## WHAT TO DO
As an exercise, transcribe the data below in full and exactly, omitting pictures.

## DATA BLOCK

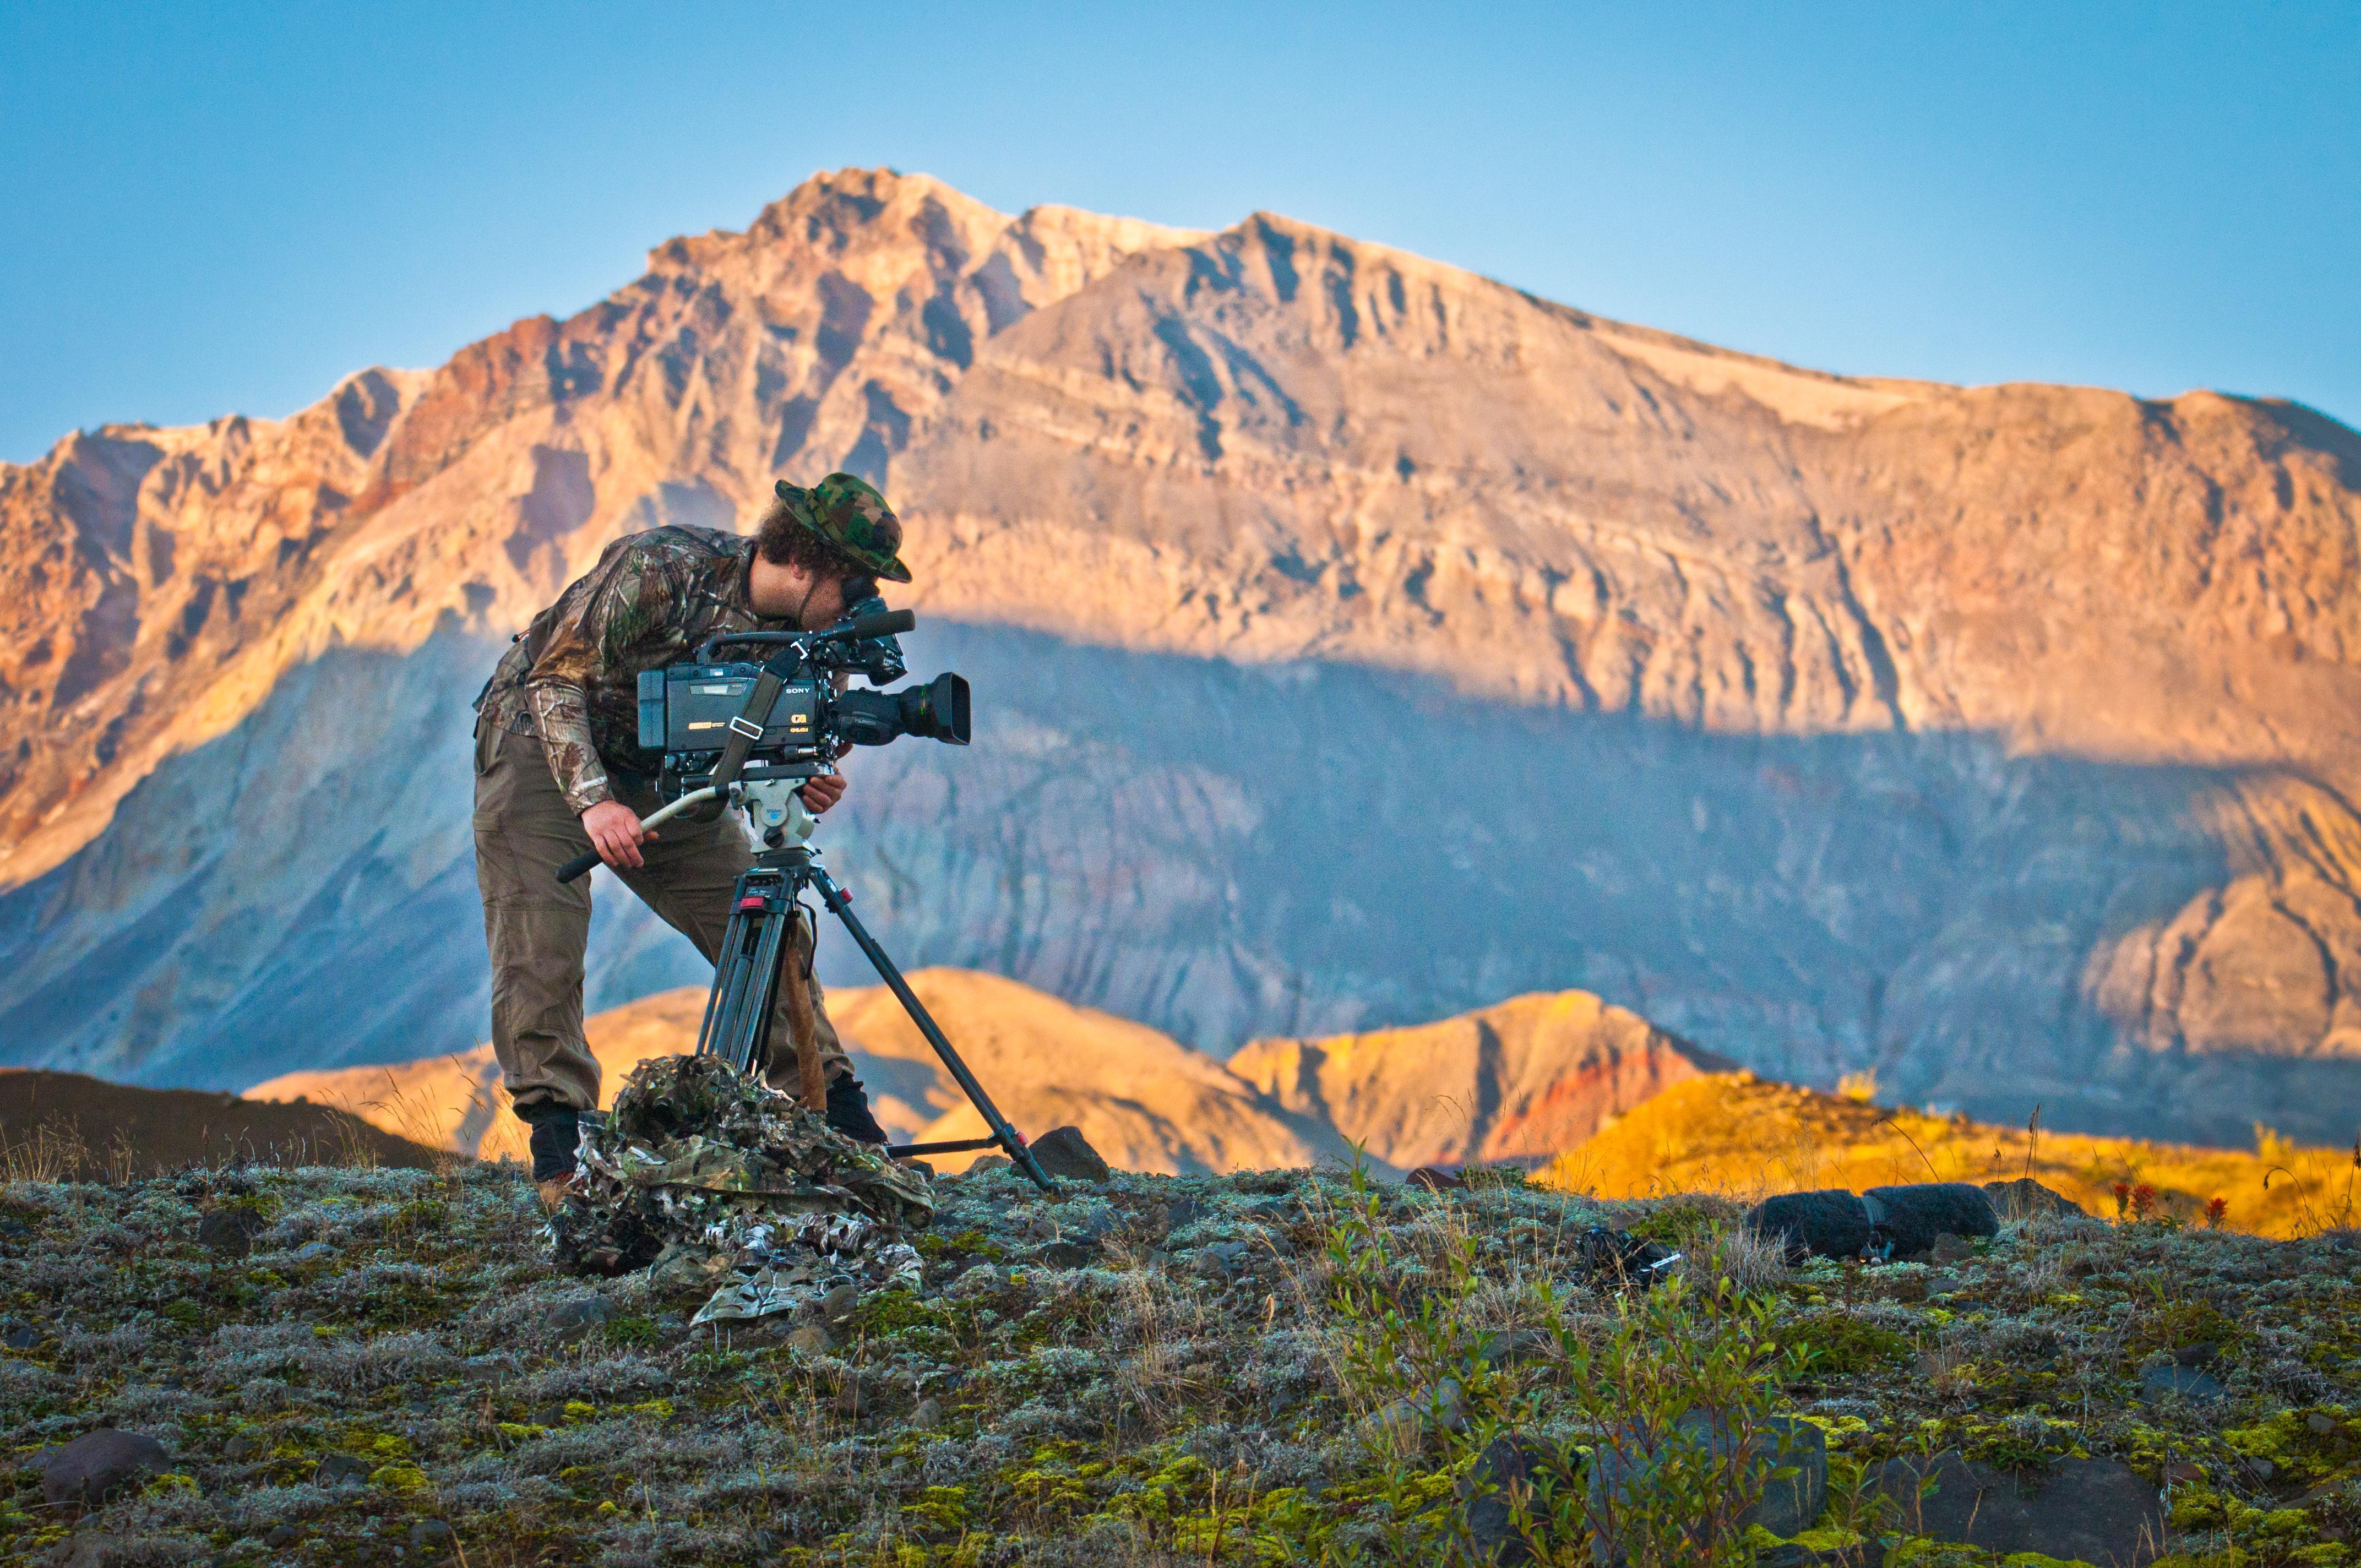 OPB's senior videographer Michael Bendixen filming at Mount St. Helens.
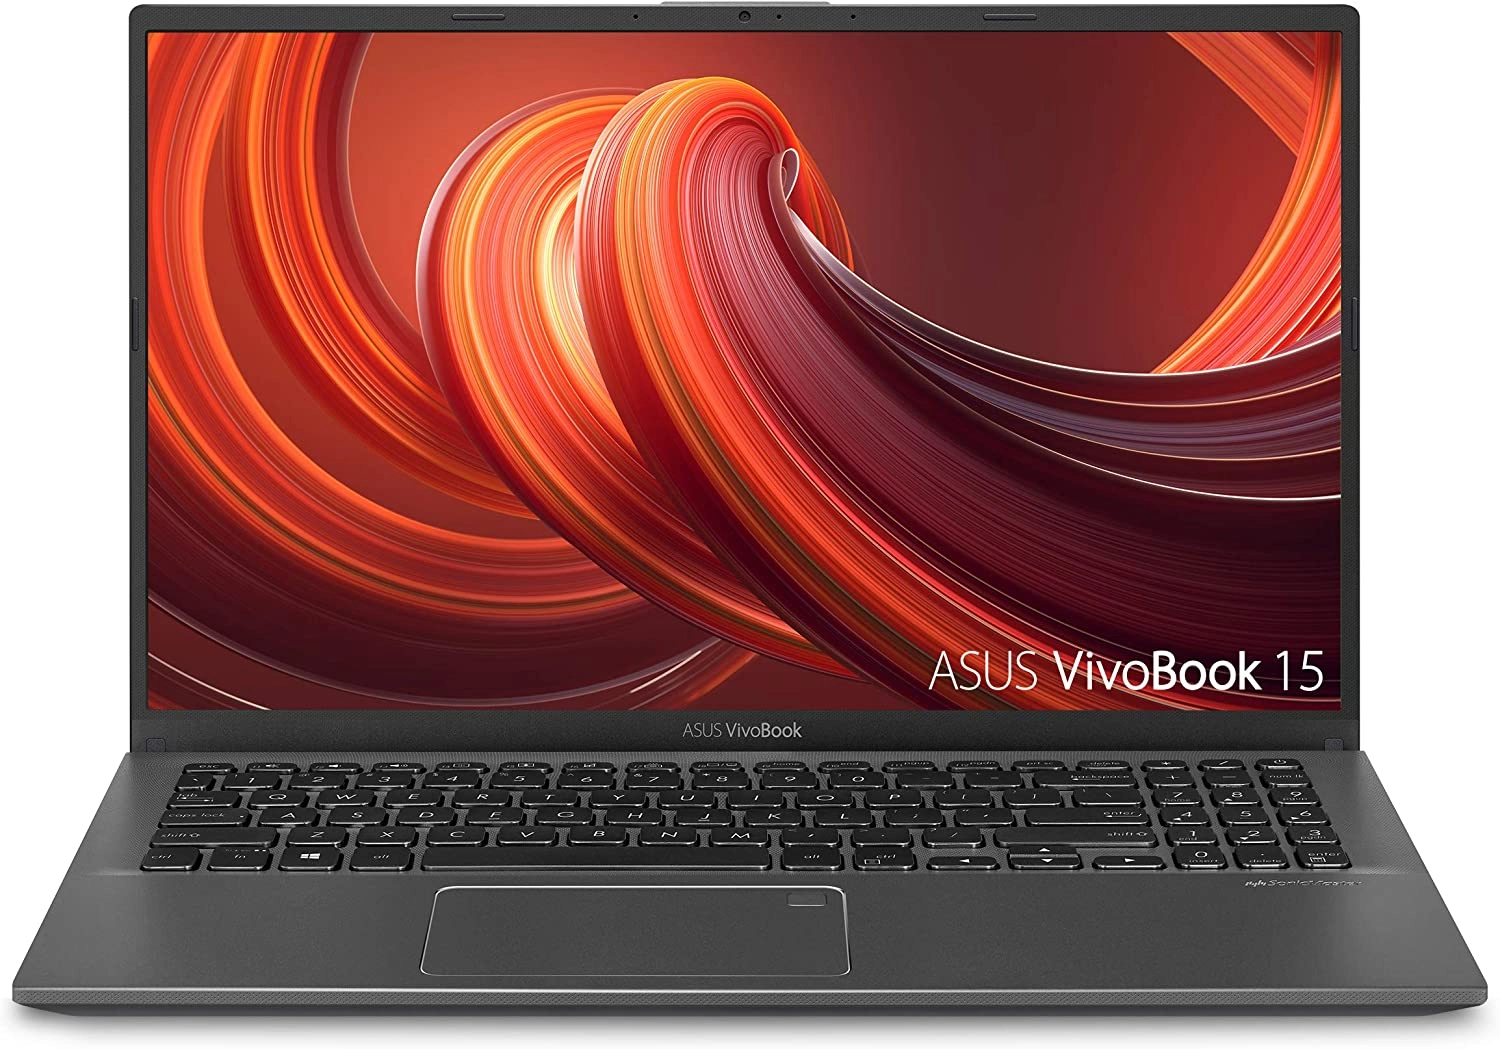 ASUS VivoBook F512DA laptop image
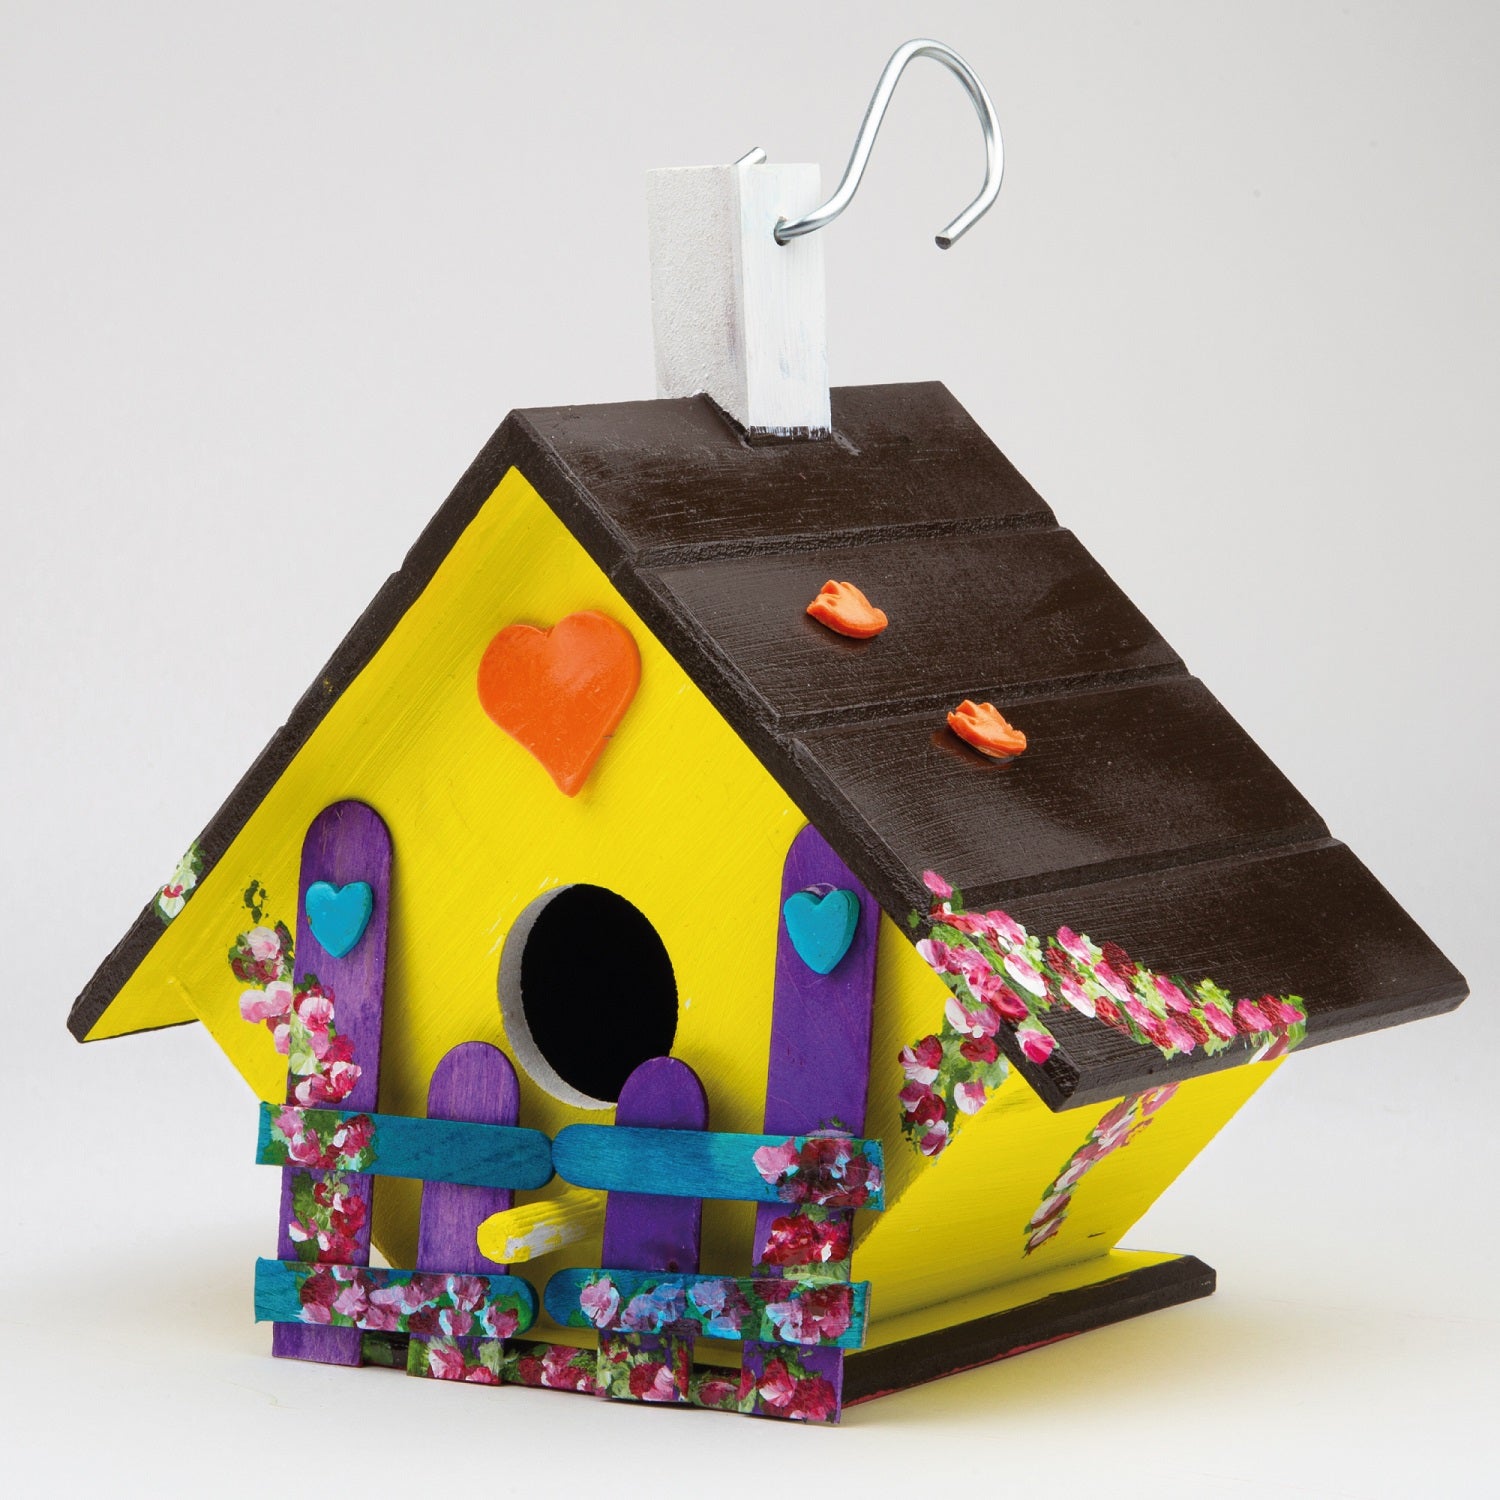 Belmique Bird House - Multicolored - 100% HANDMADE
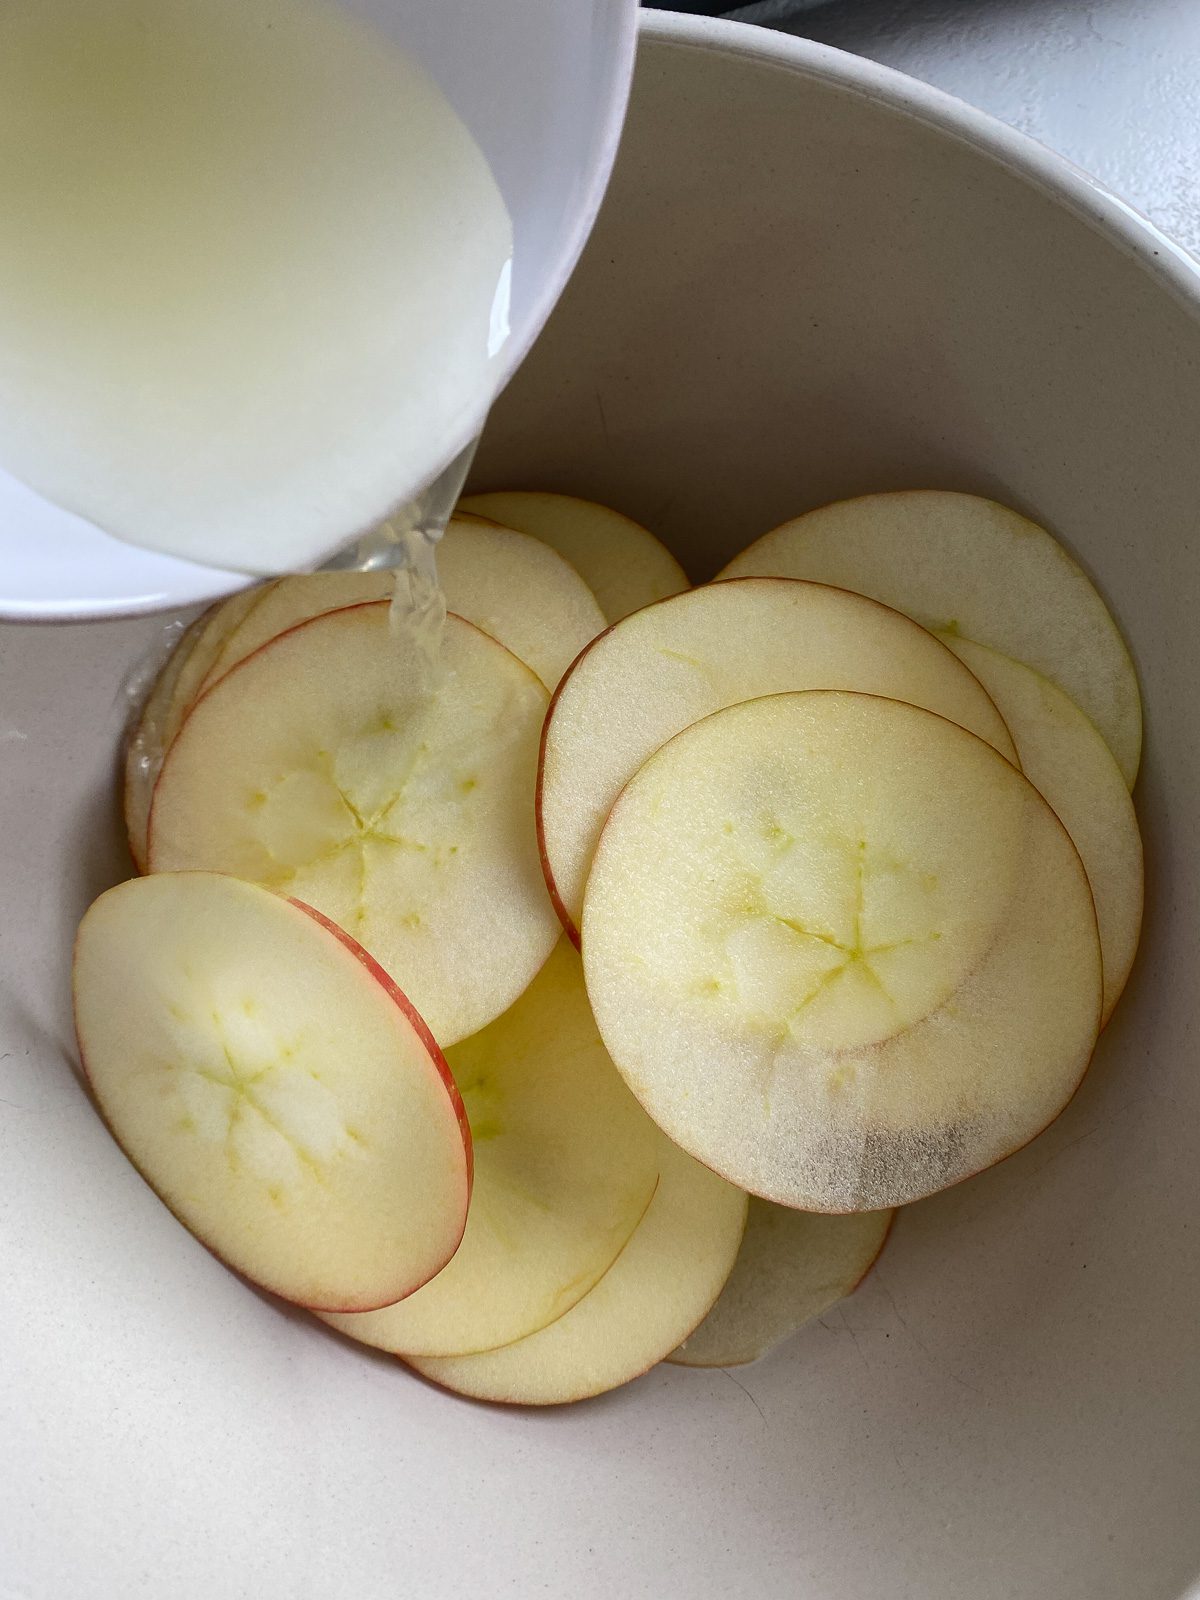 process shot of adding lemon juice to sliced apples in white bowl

## RESULT BELOW
 OPB's senior videographer Michael Bendixen filming at Mount St. Helens.
 ASUS VivoBook F512DA laptop image
 Belmique Bird House - Multicolored - 100% HANDMADE
 process shot of adding lemon juice to sliced apples in white bowl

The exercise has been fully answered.